African poverty far worse than thought‚ says Oxfam
In the past two decades‚ Africa’s rich have benefited immensely from unprecedented economic growth‚ while there are more citizens living in poverty than ever before.
Social justice organisation Oxfam on Tuesday released a new report titled “Starting with people”‚ which details the crisis facing Africa’s poor and issues a challenge to African leaders “to champion new economic models”.
“New data reveals Africa’s inequality crisis is greater than feared‚” Oxfam said in a statement accompanying the release of the report‚ just a day before the World Economic Forum (WEF) on Africa‚ which will be hosted in Durban from Wednesday to Friday.
“African leaders must build a new more ‘human economy’ to tackle inequality and poverty. The WEF will bring political and business leaders together from across the continent to discuss how to achieve inclusive growth.”
Oxfam‚ an international confederation of NGOs working with partners in 90 countries to end injustices that lead to poverty‚ said that new data from the Brookings Institute revealed that levels of inequality in a number of African countries are far higher than previously thought.
A growing population meant there were 50 million more people living in extreme poverty in sub-Saharan Africa in 2012 than in 1990‚ the report says.
“Seven of the 20 most unequal countries in the world are African: Swaziland is the world’s most unequal‚ now closely followed by Nigeria‚” the statement read.
“In South Africa‚ three billionaires own the same wealth as the poorest half of the population – around 28 million people.”
According to Oxfam‚ “decades of record GDP growth have benefited a wealthy elite but left millions of ordinary Africans behind and as a consequence‚ poverty has declined more slowly in Africa than any other region”.
It said forecasts predict a further 250 to 350 million people could be living in conditions of extreme poverty in the next 15 years.
The human cost is felt the most by women‚ young people and children.
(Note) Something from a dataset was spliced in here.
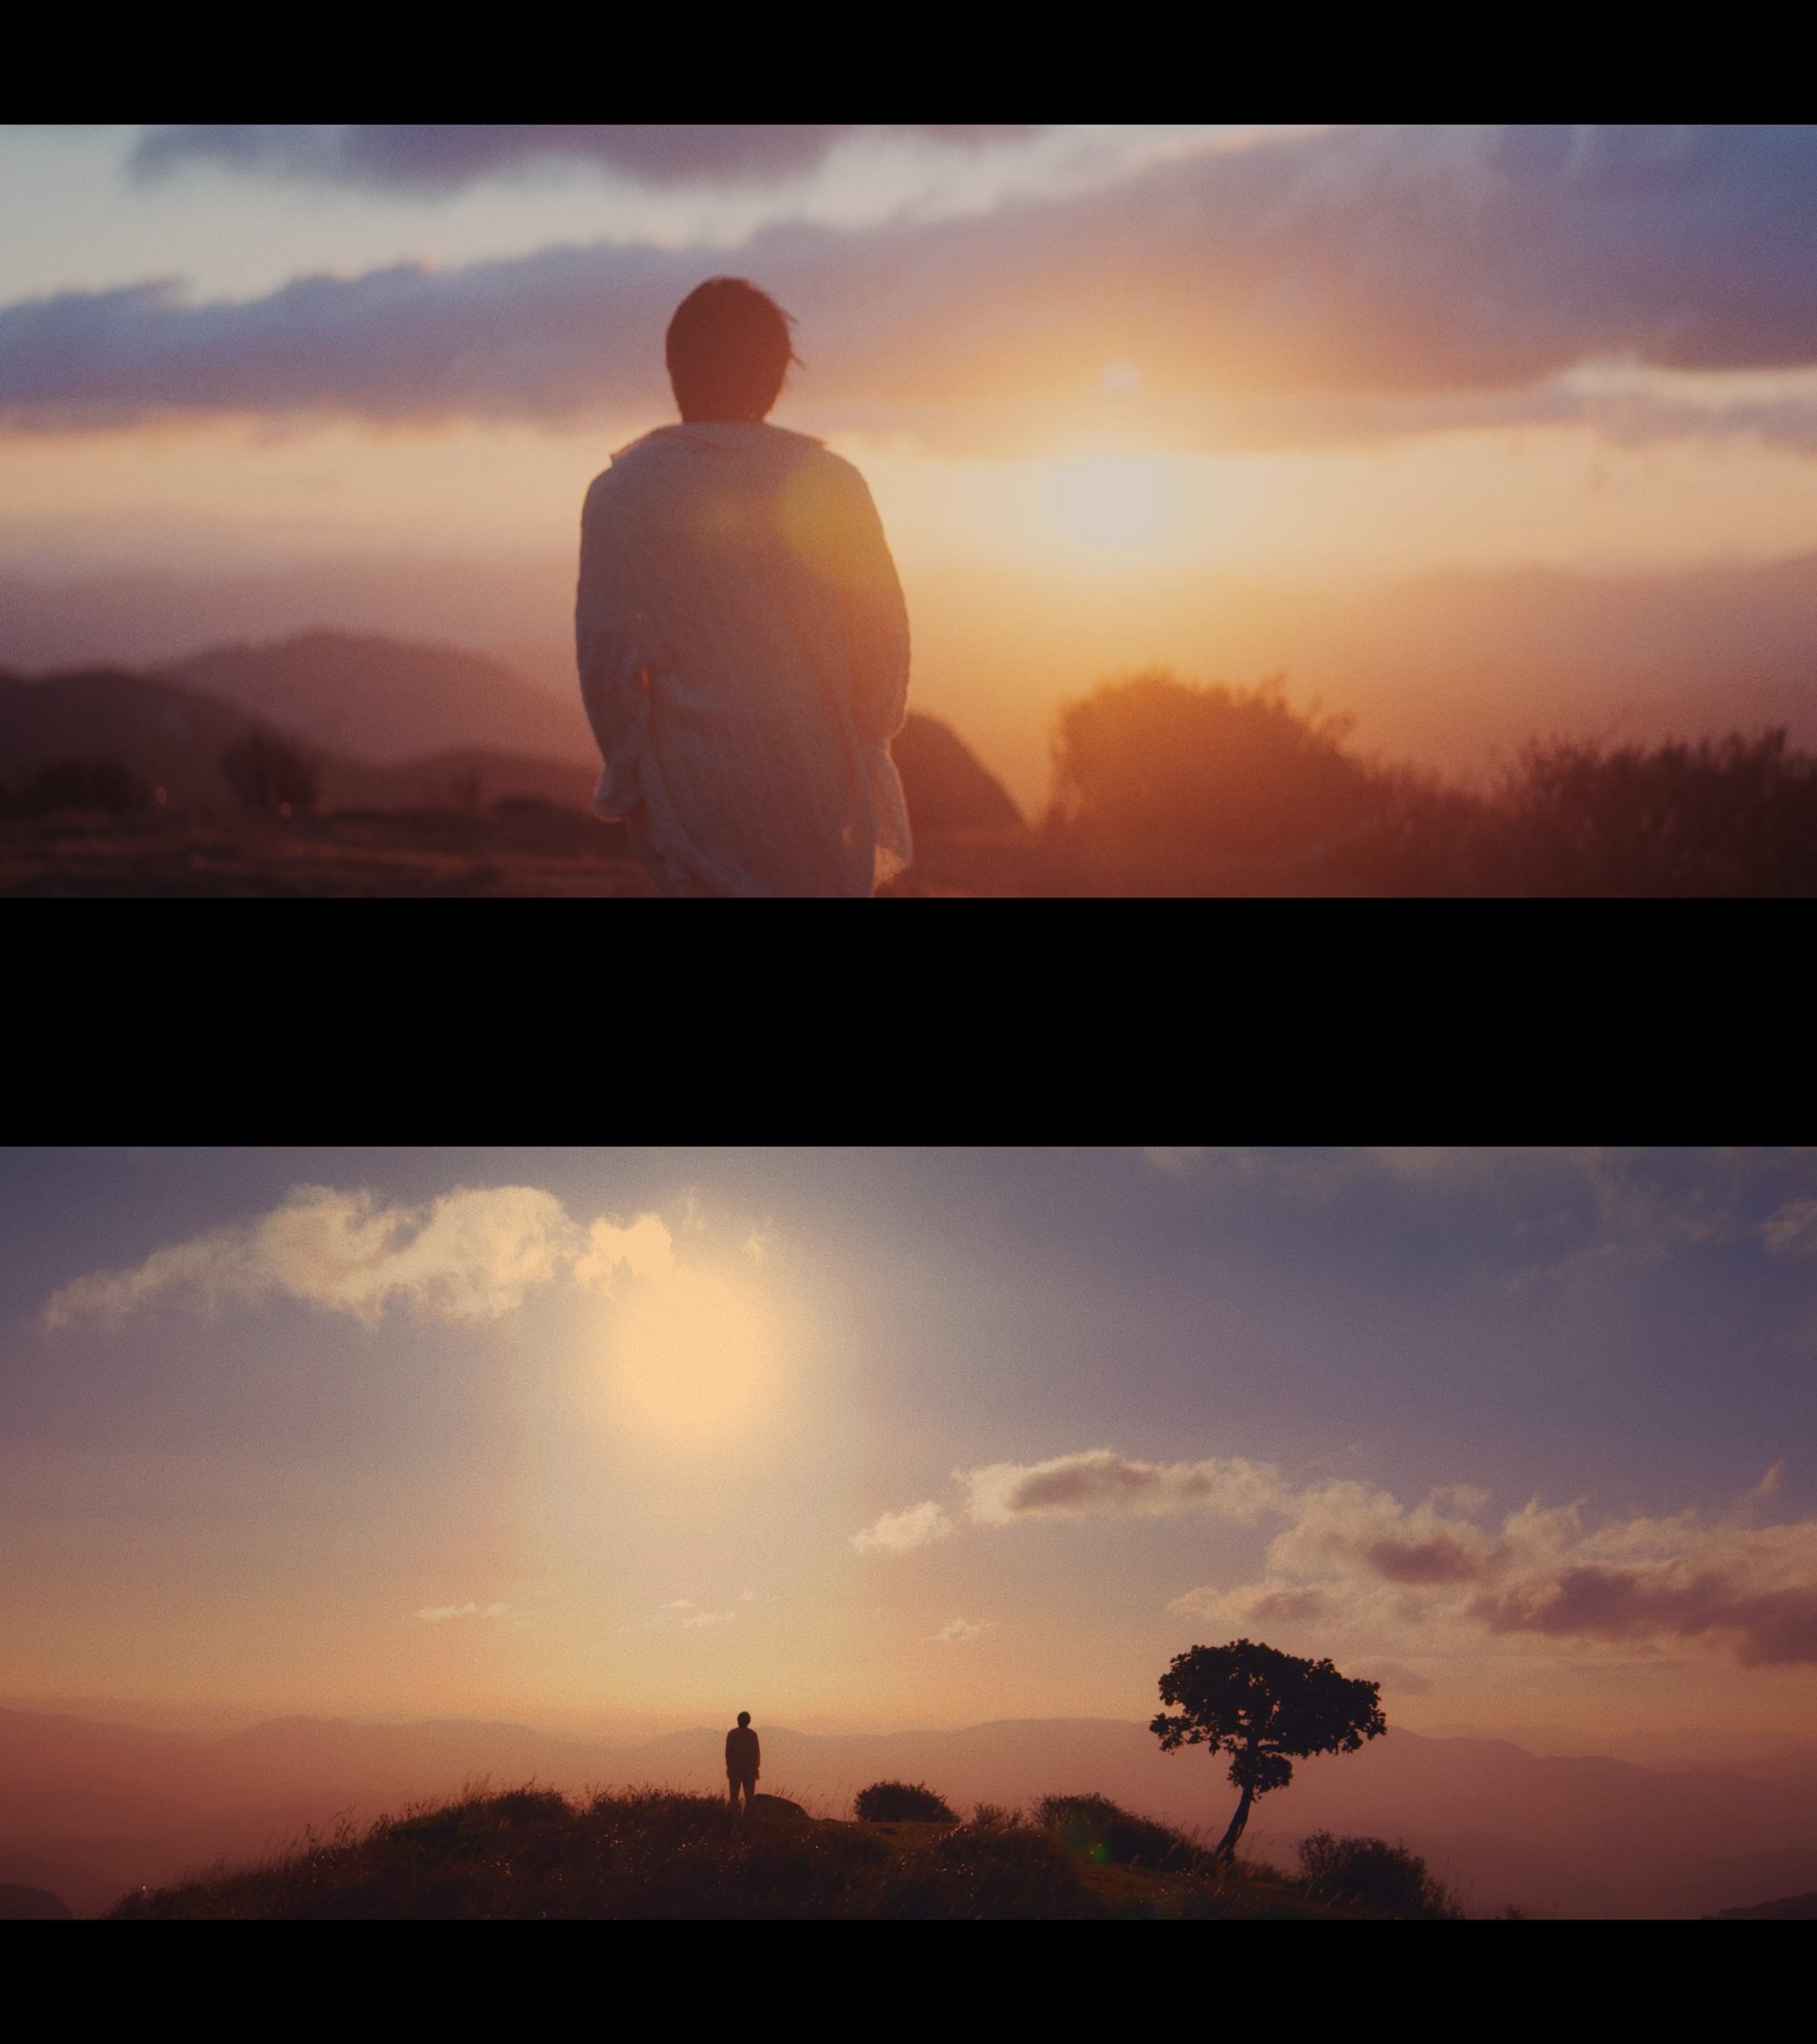 KpopHerald on Twitter: "RM of @BTS_twt has dropped a music video teaser for  his upcoming song "Wild Flower Play." RM looks on at the setting sun, with  sounds of firecrackers exploding below
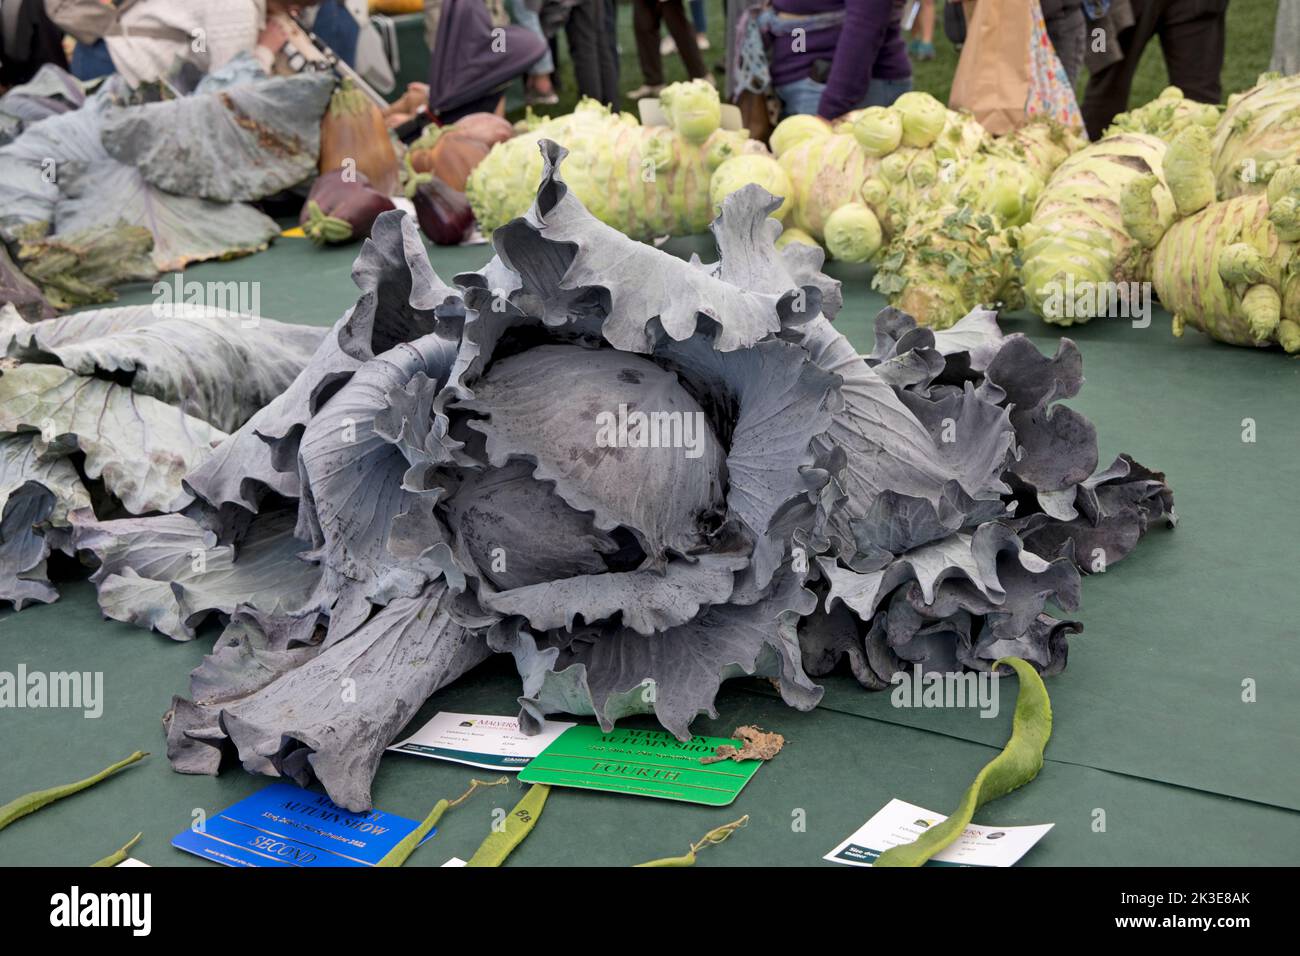 Giant cabbags are some of the giant vegetables at Three Counties Autumn Show  Great Malvern, UK Stock Photo

“Inequality in Africa is fuelling poverty‚ fracturing our societies‚ and stifling the potential of millions of people‚” said Winnie Byanyima‚ executive director of Oxfam and co-chair of WEF Africa 2017.
“It will become a major drag on economic growth. Africa should stop imitating the failing policies of Europe and America and develop a new economic model that works for all Africans – not just the fortunate few.
“African leaders must not kid themselves. If the wellbeing of people and the protection of the environment are our primary aims‚ rather than a hoped-for by-product of free markets‚ we need to explicitly design economies to achieve these things.”
The Oxfam report details plans for how leaders in politics and business can utilise economic and tax policies to build economies that will alleviate poverty.
“Oxfam is not advocating a return to Africa’s economic past – we are championing economies that are fit for the future‚” said Byanyima.